In a significant shift for the global automotive industry, Chinese automaker BYD has officially overtaken Tesla to become the world's largest seller of electric vehicles (EVs) for the year 2025. This marks the end of Tesla's long-held dominance in the EV market, as it reported a consecutive annual decline in deliveries.
The Numbers Tell the Story
On January 2, 2026, the figures revealed a clear changing of the guard. Tesla, led by Elon Musk, delivered 1.64 million vehicles in 2025, which is a 9 per cent decrease compared to the previous year. In contrast, its rival from China, BYD, reported robust sales of 2.26 million vehicles during the same period, securing the top position globally. The data underscores the intense competition and rapidly evolving dynamics within the electric mobility sector.
Factors Behind Tesla's Sliding Sales
Analysts point to a combination of external policy changes and internal brand dynamics that contributed to Tesla's downturn. A major factor was the dramatic shift in United States federal policy under the then newly elected President Donald Trump. In July 2025, the Trump administration introduced a 'big beautiful bill' that effectively reversed supportive EV policies.
This move phased out crucial tax credits that had significantly lowered costs for consumers. The credits, worth up to $7,500 for new EVs and $4,000 for used ones, were eliminated after September 30, 2025, dealing a severe blow to market incentives. Furthermore, Tesla faced stiffening competition from a growing number of international EV manufacturers.
Customer sentiment also played a role, with reports suggesting some buyers revolted against CEO Elon Musk's open alignment with right-wing politics and his support for then presidential candidate Donald Trump. Despite these headwinds, Tesla's stock showed resilience, finishing 2025 with a gain of approximately 11 per cent. Investors appear to be banking on Musk's future ambitions, which include transforming Tesla into a leader in robotaxi services and developing humanoid robots for domestic and office tasks.
Broader Implications and Future Outlook
This leadership change signals a pivotal moment. Tesla, which once aimed to sell up to 20 million cars annually by 2030 according to The New York Times, now faces a more crowded and challenging path. The company still commands a dominant 45 per cent share of the US EV market and was the biggest beneficiary of the now-revoked supportive policies.

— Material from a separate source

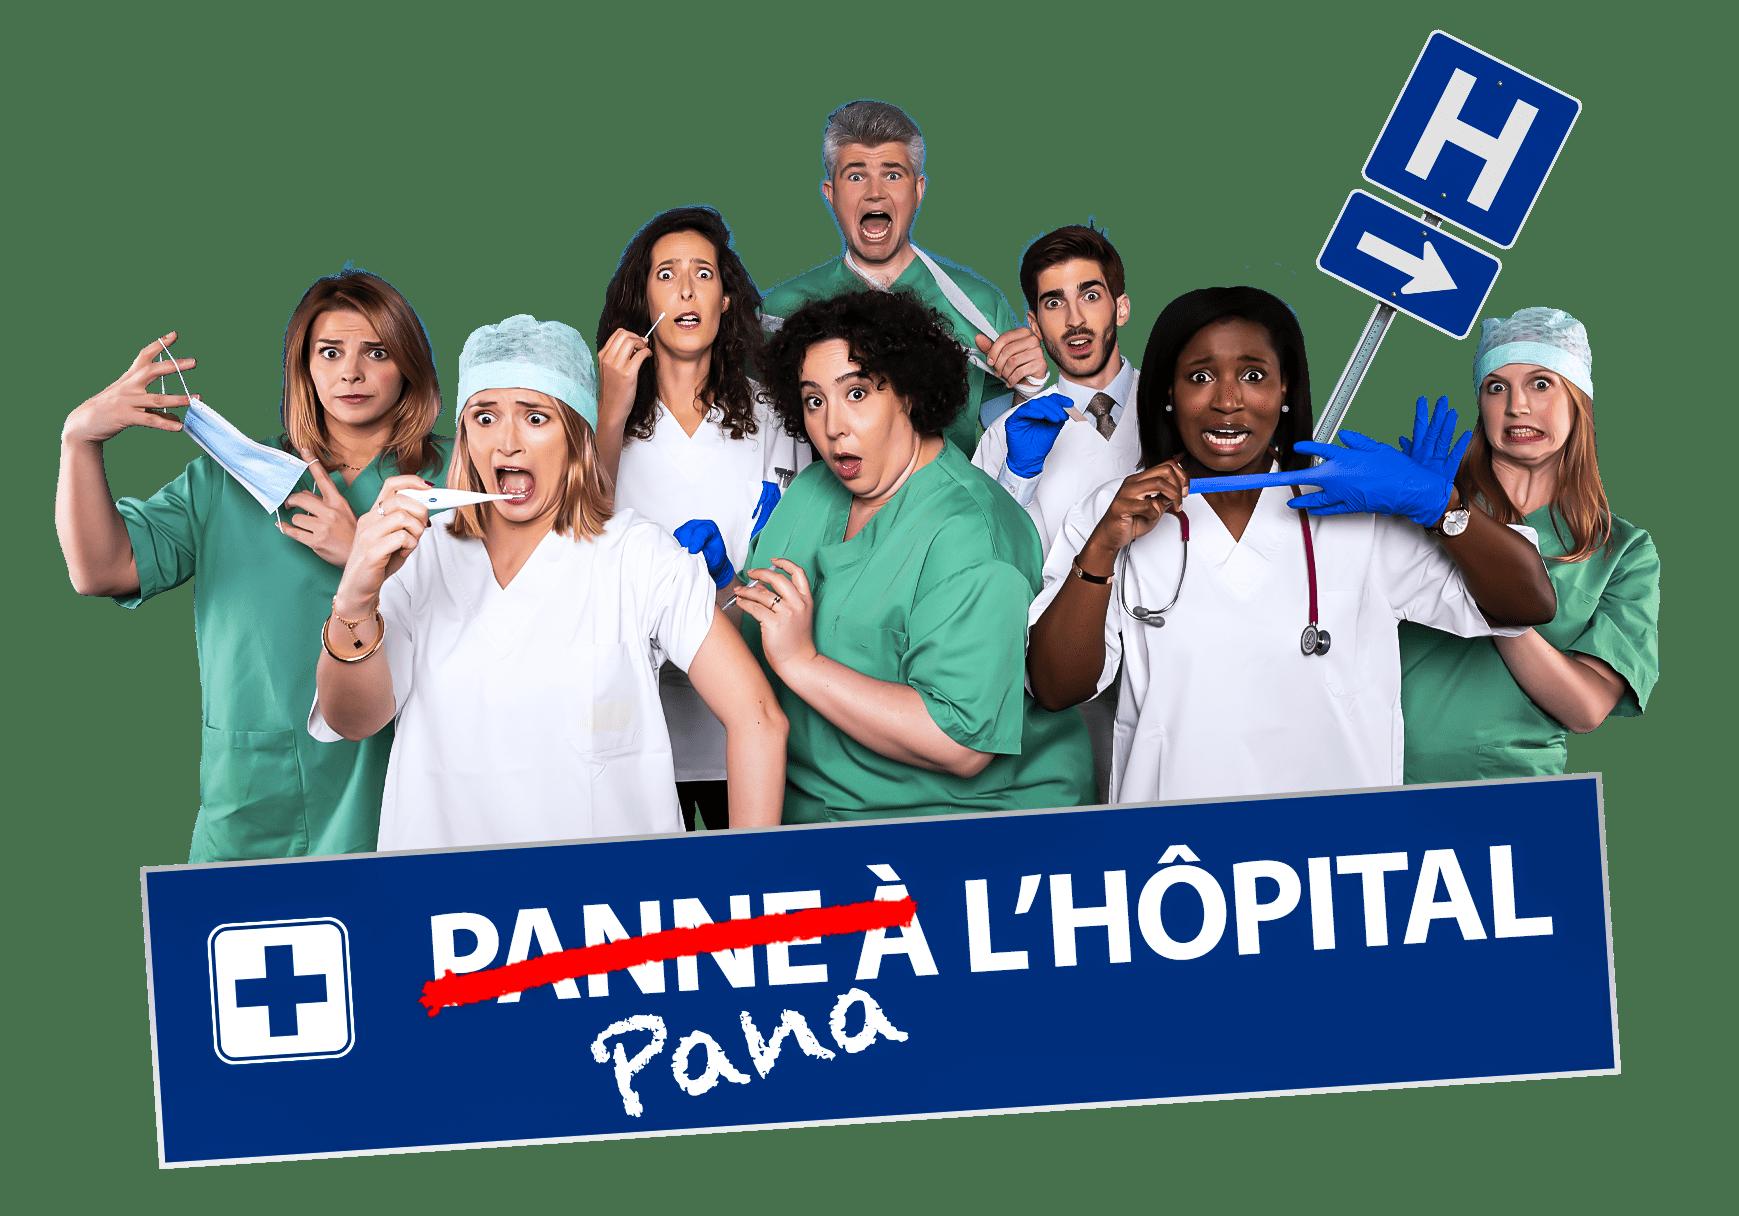 Pana l'hôpital !
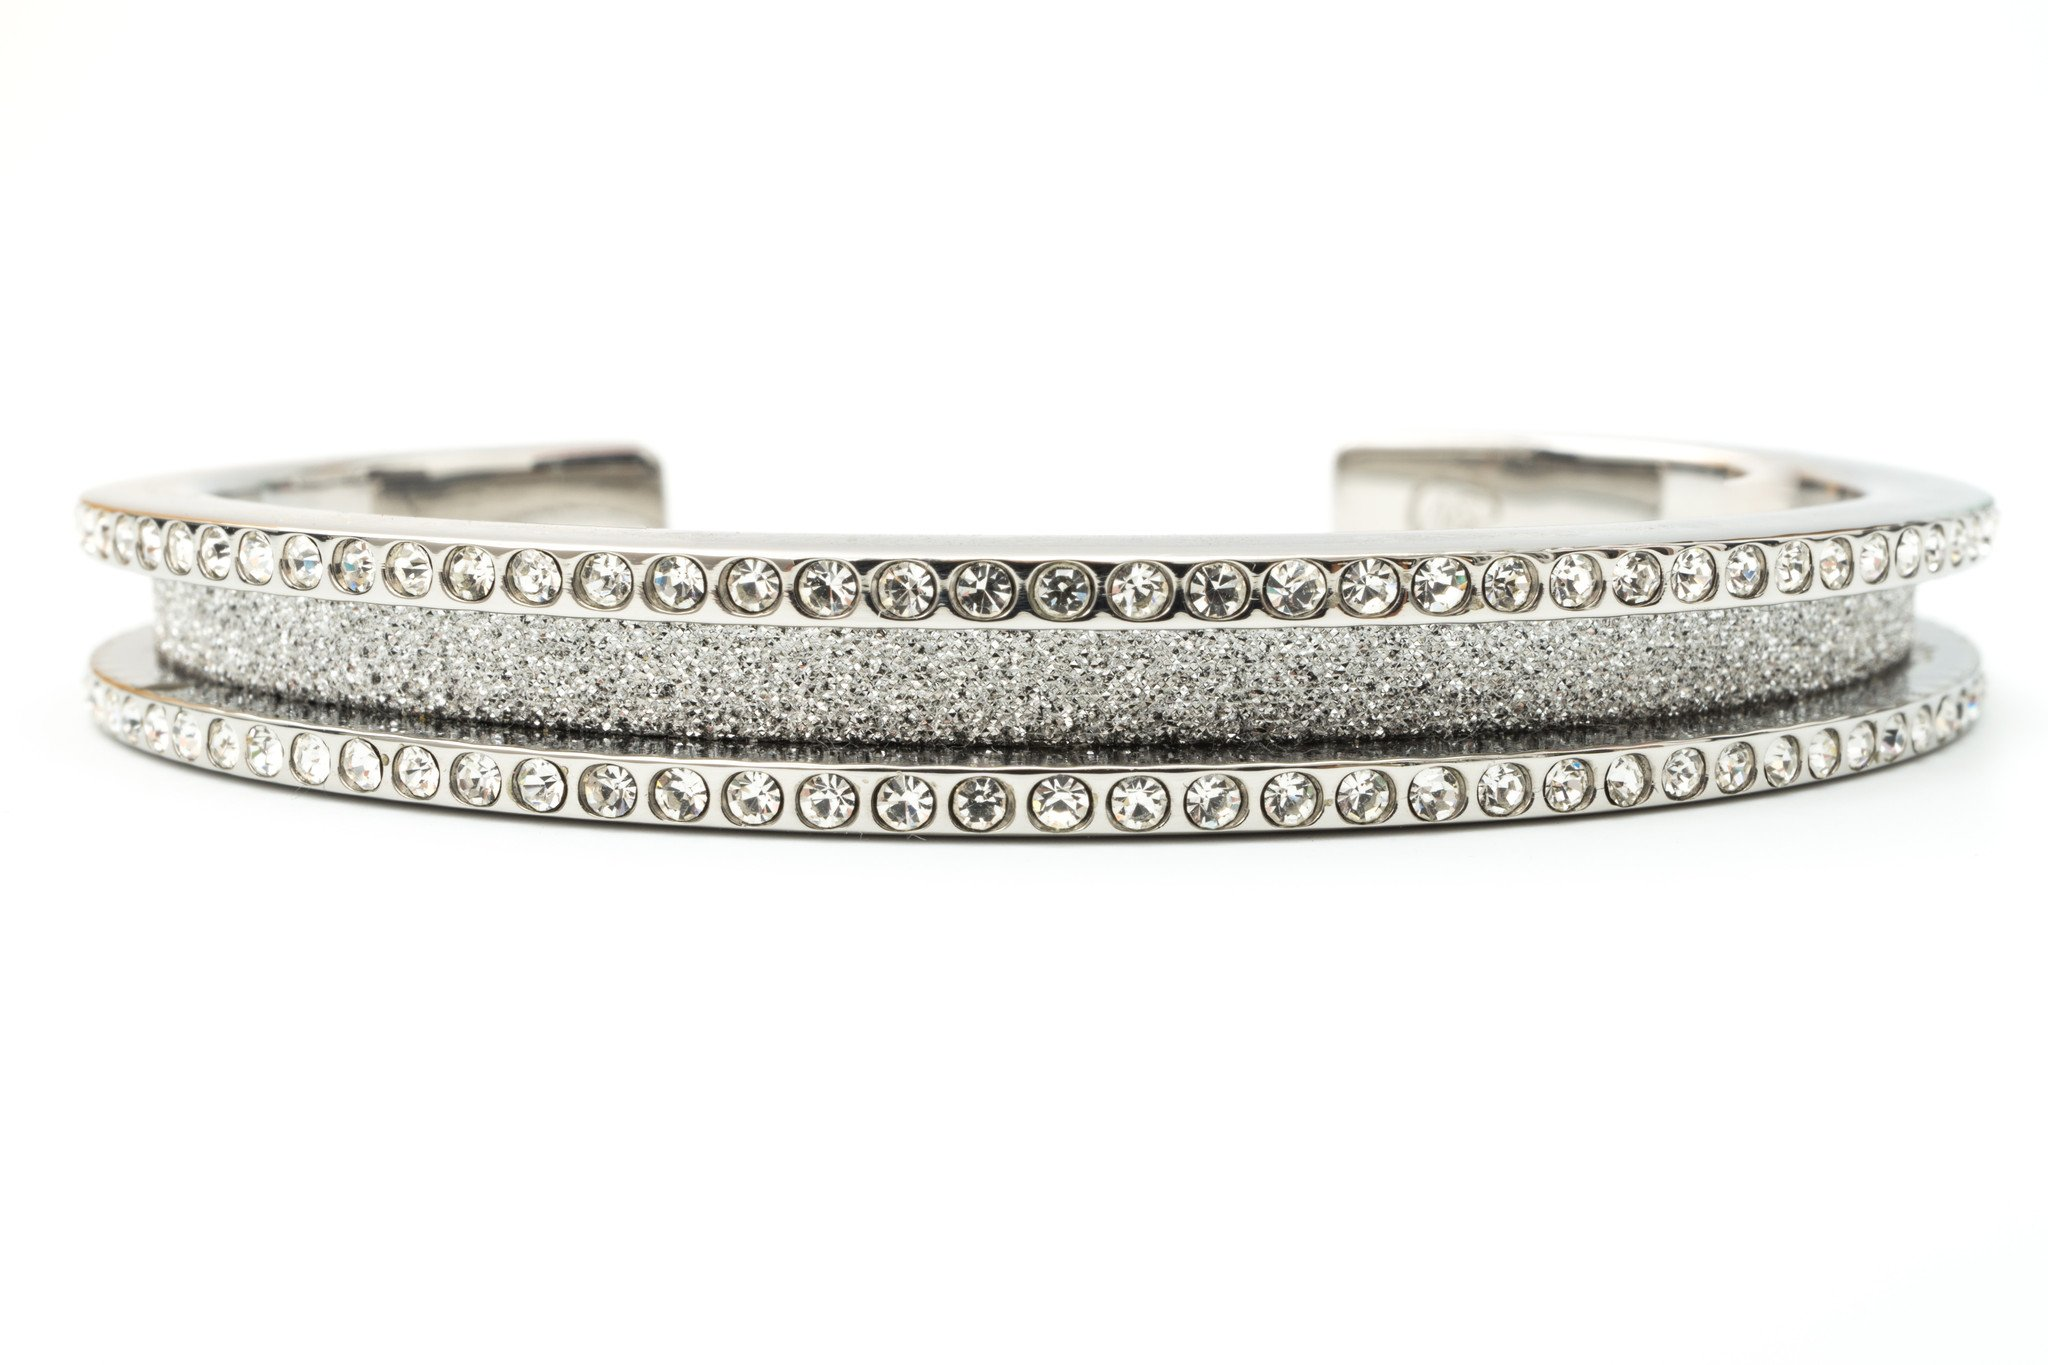 Hair Tie Bracelet - Elegance by Maria Shireen - Steel Silver - Medium by Maria Shireen

The rise of BYD highlights the formidable scale and capability of China's electric vehicle industry. For global consumers and policymakers, this shift emphasizes that the race for electric mobility is truly a global contest, with innovation and market leadership no longer concentrated in a single region or company. The coming years will test how Tesla adapts its strategy to reclaim its crown in an increasingly competitive landscape.